Scientists estimate methane emissions from an abandoned peatland
Scientists at BFU named after Kant Immanuel found out that drained peatlands remain a significant source of greenhouse gas methane after terminating peat mining activity. Therefore, the emissions turn out to be heterogeneous and depend on the groundwater level and vegetation type of that specific piece of terrain. The researchers arrived at this conclusion after having been measuring methane emissions for three years at an abandoned peatland within Rossyanka Carbon Supersite in the Kaliningrad region. The findings will help calculate more accurately the contribution of such ecosystems to climate change, as well as be useful in developing strategies of their restoration. The results of the study are published in Land journal.
Peat bogs and places with turf deposits, commonly called peatland, occupy a mere 3% of total land. However, they accumulate about 30% of all carbon contained in all of the world's soil. Because the carbon there is in a carbon state, — in the form of organic compounds, — peatlands play an important role in climate stabilization. When the peatlands are drained, they convert from carbon sink to its source. This is due to the fact that organic matter decomposes with the release of carbon dioxide into the atmosphere — the main contributor to the greenhouse effect. Another greenhouse gas — methane — is normally constantly released from natural swamps, yet when drained, its emission in one of the areas decrease while increasing in other areas. This data differs in various regions, and for different territories, including Russia, the exact amount of greenhouse gases emitted by abandoned peatlands after draining and production remains unknown. This slows down the development of measures to restore these ecosystems and reduce the emissions.
Scientists from Immanuel Kant Baltic Federal University (Kaliningrad) together with colleagues from Institute of Monitoring of Climatic and Ecological Systems of the Siberian Branch of the Russian Academy of Sciences IMCES SB RAS (Tomsk) had been measuring methane emissions from the surface of an abandoned peatland in the Kaliningrad Region between 2022 and 2024. Between the 1970-s and 1990-s, turf mining took place at the study area, and for this purpose the peatland was drained. The production site had subsequently never been reclaimed. In 2021 this peatland became part of a Rossyanka Carbon Supersite established under an eponymous federal program.
For the analysis, the authors selected ten areas with different vegetation cover and moisture levels: open sites with bare peat; parts with green moss fragments; birch coppice sites; reed beds and stretches with recurrent floods.
Every month within a period of three years the scientists installed plastic cameras on these selected areas that allowed to isolate a small area from the external environment. Researchers then took air samples from these chambers and measured the methane concentration. In addition, the authors assessed the air and soil temperature, the level of water tables and rainfall.
It turned out that methane emissions vary considerably at different sites.
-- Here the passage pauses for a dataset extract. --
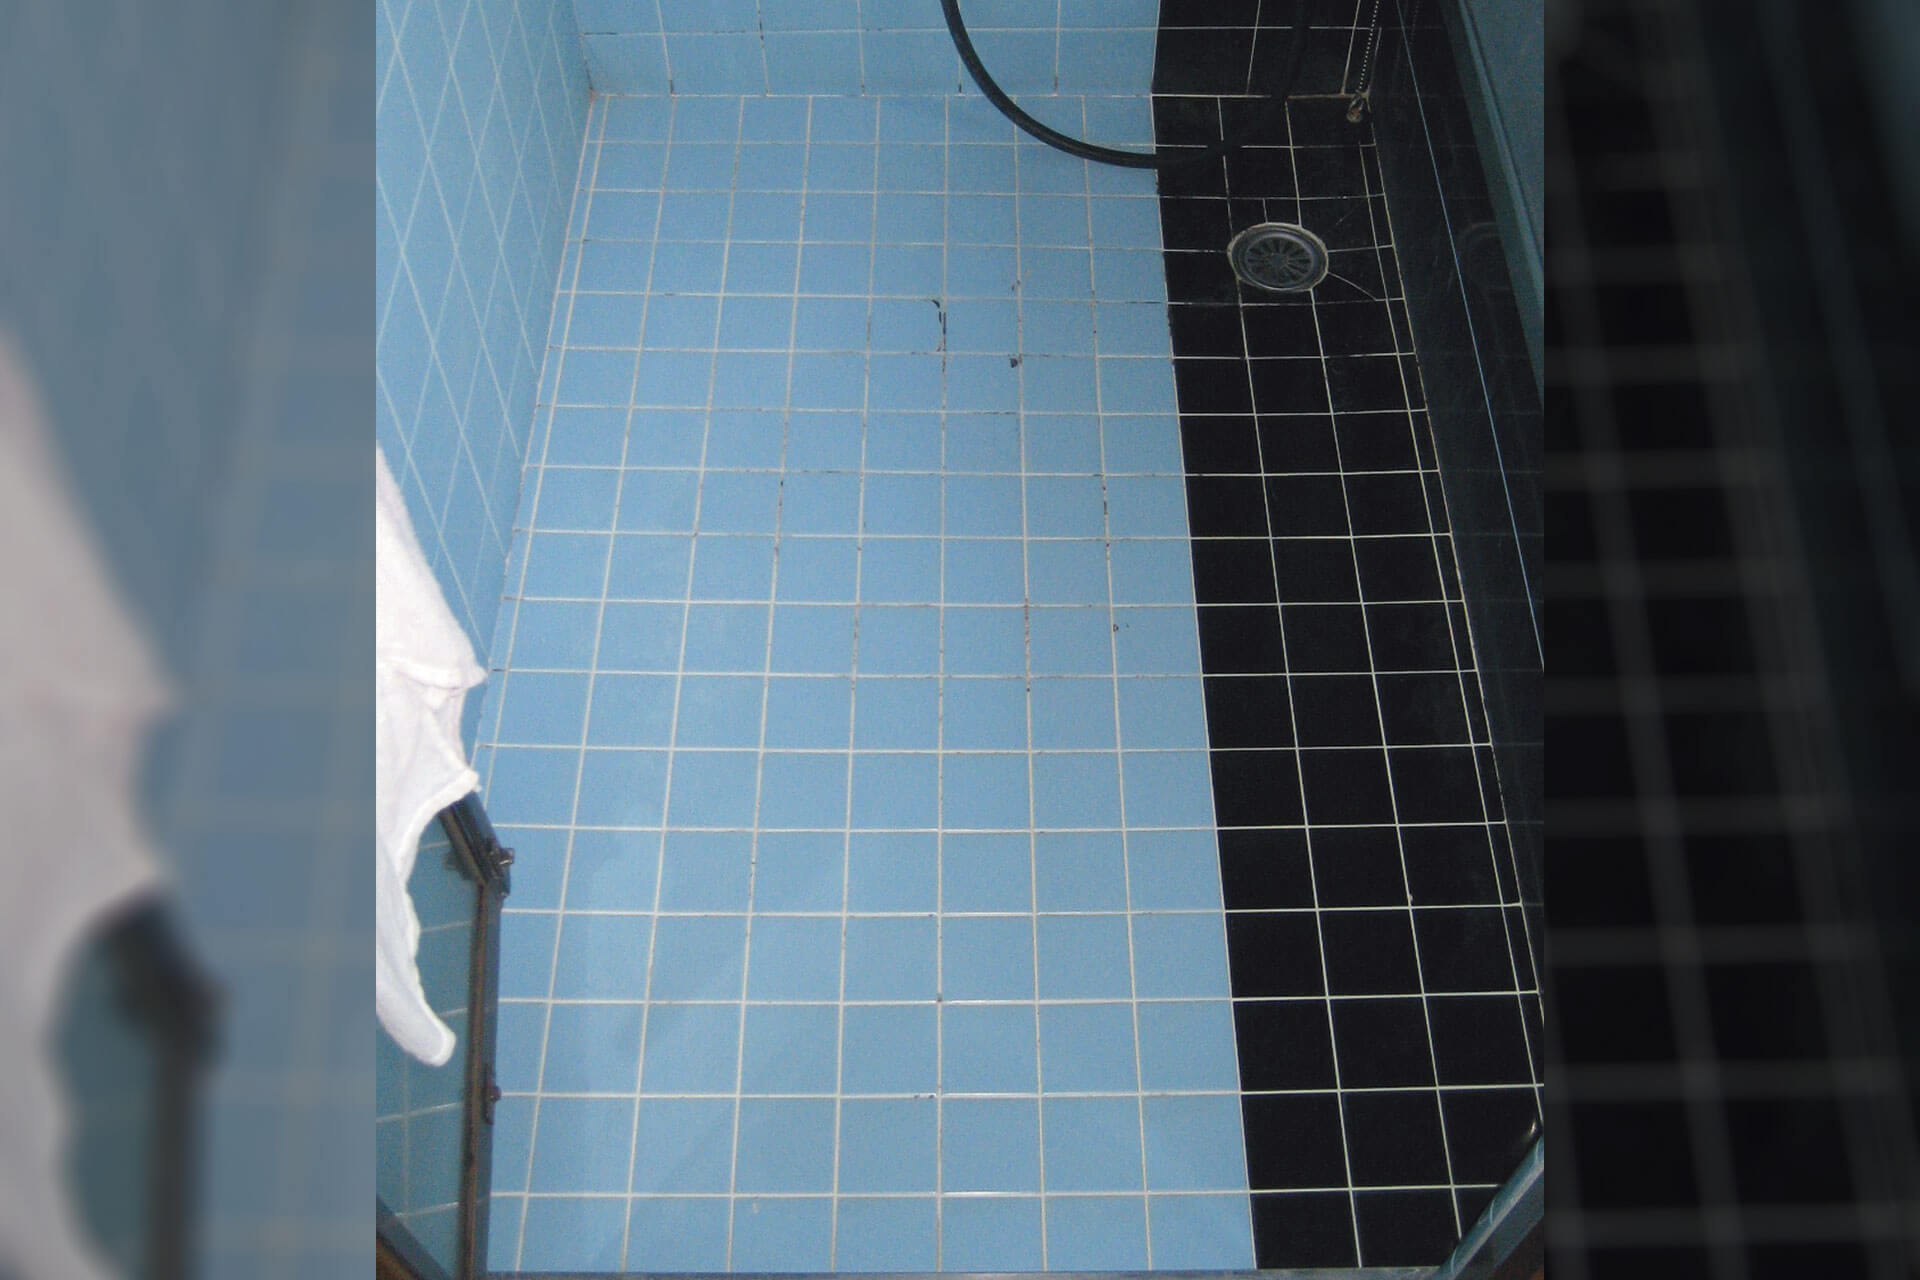 ハイブリッドストーン アベイラス スーパー浴室床材で改修する前の青と黒のタイル床

Most intensively — up to 213 kilograms of gas per hectare a year — the gas was emitted by drainage ditches overgrown with mosses. The drier patches, overgrown with rare birches and small bushes, had minimal amounts of methane flux — less than 10 kilograms per hectare a year. Moreover, the authors discovered that open sites with bare peat do not emit methane at all during warm seasons. On the contrary, they absorbed the gas in small amounts.
Scientists came to the conclusion that emissions depend on the level of groundwaters. Thus, the closer the water is to the surface, the thinner is the turf layer where methane oxidation happens. In that case, the methane flux into the atmosphere appear significant. This is supported by the fact that hot July in the summer of 2024 with heavy rainfall in the study area led to a sharp rise in water and, as a result, to highest levels of methane emissions in three years of observations.
"Our study showed that abandoned peatlands can't be regarded as something homogenous from the greenhouse emissions point of view. The acquired data will be helpful for developing more accurate climate change forecasting models. In the future, we plan to summarize such data and assess the intensity of the carbon footprint as well as study in more detail the dependence of both greenhouse gases on peatland environmental factors. Using the required calculations, it will be possible to scale the results of the study and to assess peatland emissions in other regions", — says Maxim Napreenko, a candidate of biological sciences, senior researcher of the "Geoecology and Marine Environmental Management" Research Centre at BFU named after Kant Immanuel.